To be fair, many years later, shortly after my doctoral thesis had been approved, I met a pianist that was preparing a Babbitt composition for recital. I sat beside him on his bench while he did a run-through, and I was quite impressed with how he had endowed all of those marks on paper with expressiveness. When it came to our talking about the what, why, and how of his approach to performance, mathematics never reared its head.
Cover of the album being discussed (courtesy of AMT Public Relations)
All of those paragraphs were written to establish a mind-set for an album of Babbitt compositions that was released by New Focus Recordings at the end of this past October. The title of the album is Milton Babbitt: Works for Treble Voice and Piano. The 21 tracks are performed by soprano Nina Berman and pianist Steve Beck. The six-movement “A Solo Requiem” requires two pianos, and the second pianist is Eric Huebner.
The good news is that the listening experience was rich enough that my mind never lapsed into thoughts of higher mathematics. On the other hand, when I consulted Babbitt’s Wikipedia page, I discovered that his list of compositions was divided into three periods. These covered the intervals of 1935–1960, 1961–1979, and 1979–2006, respectively. All of those periods are represented on Berman’s album. However, if I were to play this CD in “shuffle mode,” I doubt that listening alone would allow me to identify which tracks resided in which interval.

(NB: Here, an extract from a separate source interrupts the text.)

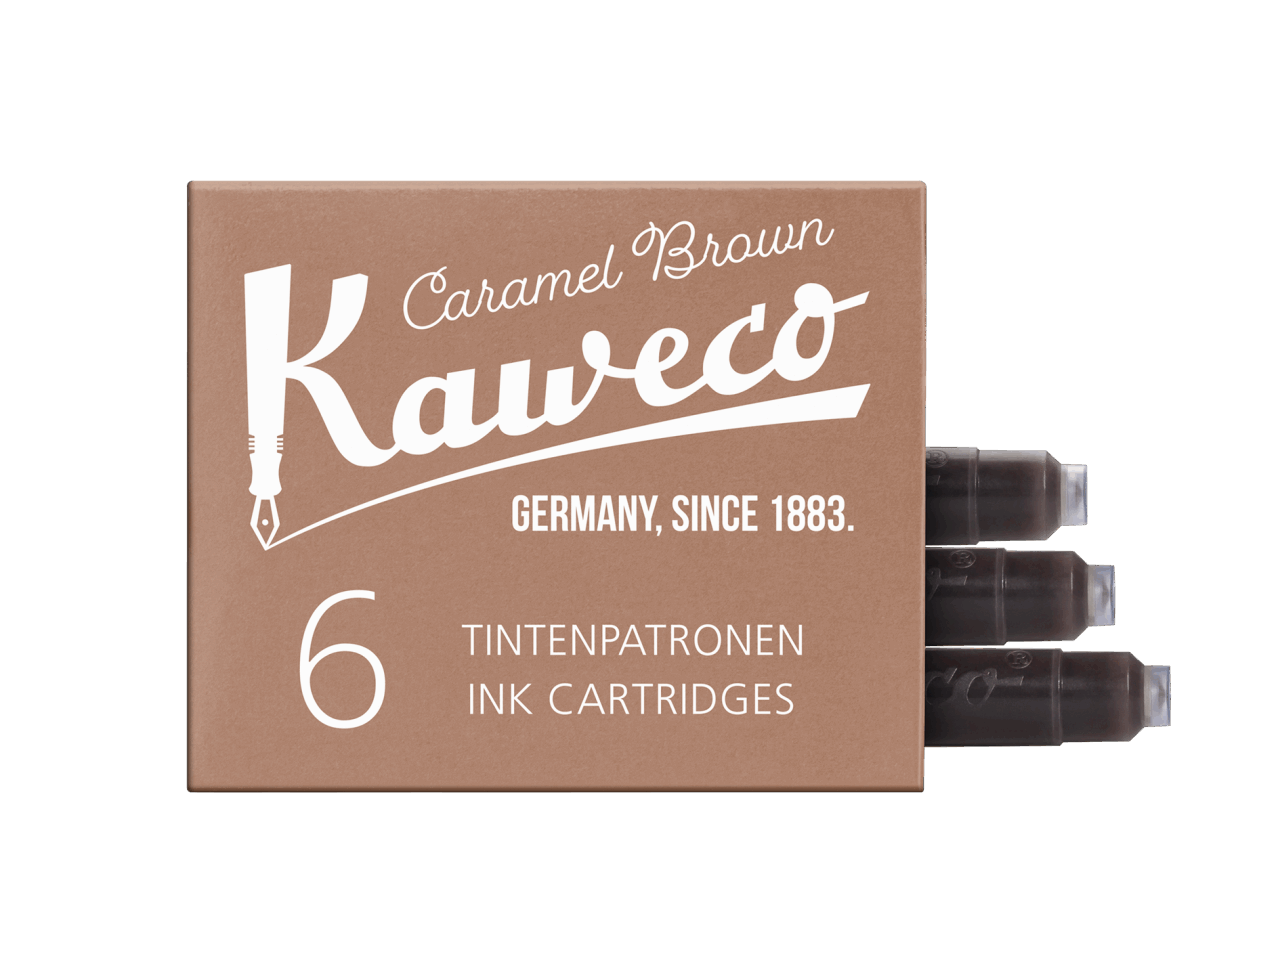 Kaweco Tintenpatronen 6 Stück - Karamel Braun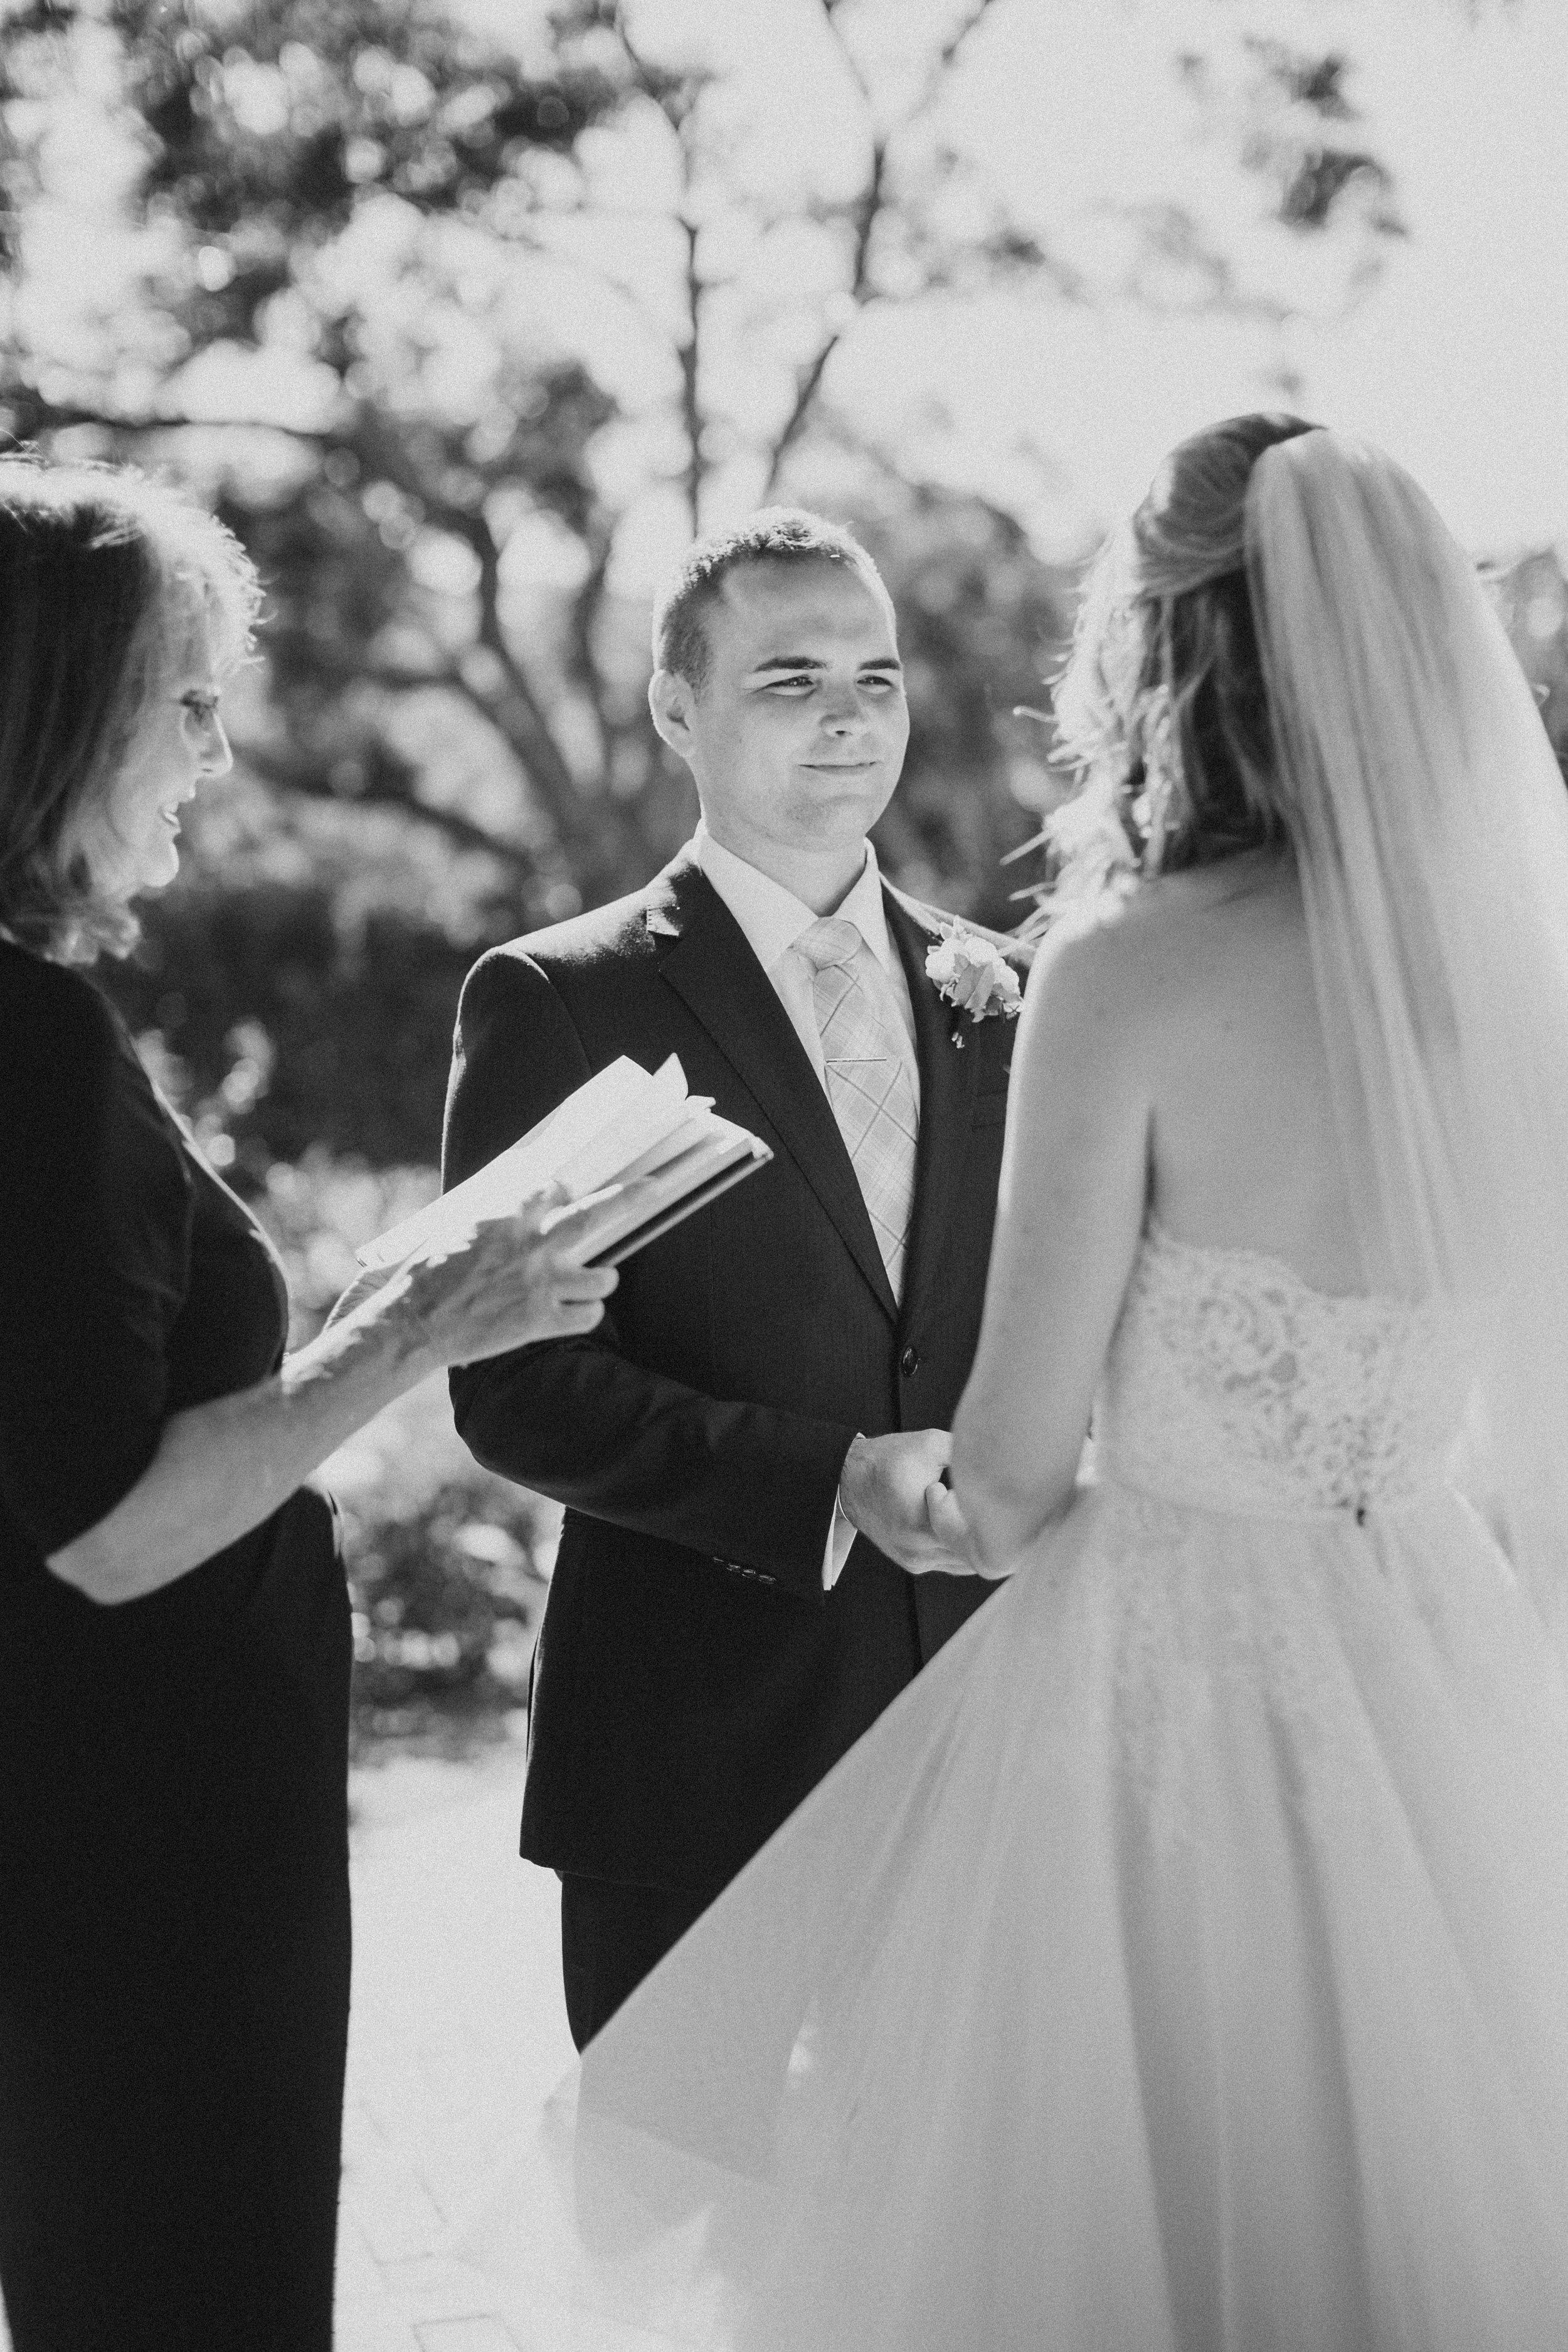 www.santabarbarawedding.com | Ryanne Bee Photography | The Santa Barbara Club | Santa Barbara Classic Weddings | Bride and Groom at the Ceremony

All that I can say for sure is that the demands made on the performers could not have been more intense. (That was the same impression I had listening to the pianist prepare for his recital.) As a result, it is hard for me to avoid suggesting that, regardless of what track one first encounters, all of the other tracks will come across as “more of the same.” It would probably be fair for the reader to then ask, “The same what?” The only answer I can give is, “Darned it I know!” As to whether or not Babbitt will be remembered for his cryptic ventures into higher mathematics, I can only say that, in the mid-Seventies, a colleague of mine in the Music Department at the University of Pennsylvania declared, with no uncertainty and with a fond memory of Milton Berle, “Nobody is afraid of Uncle Miltie any more!”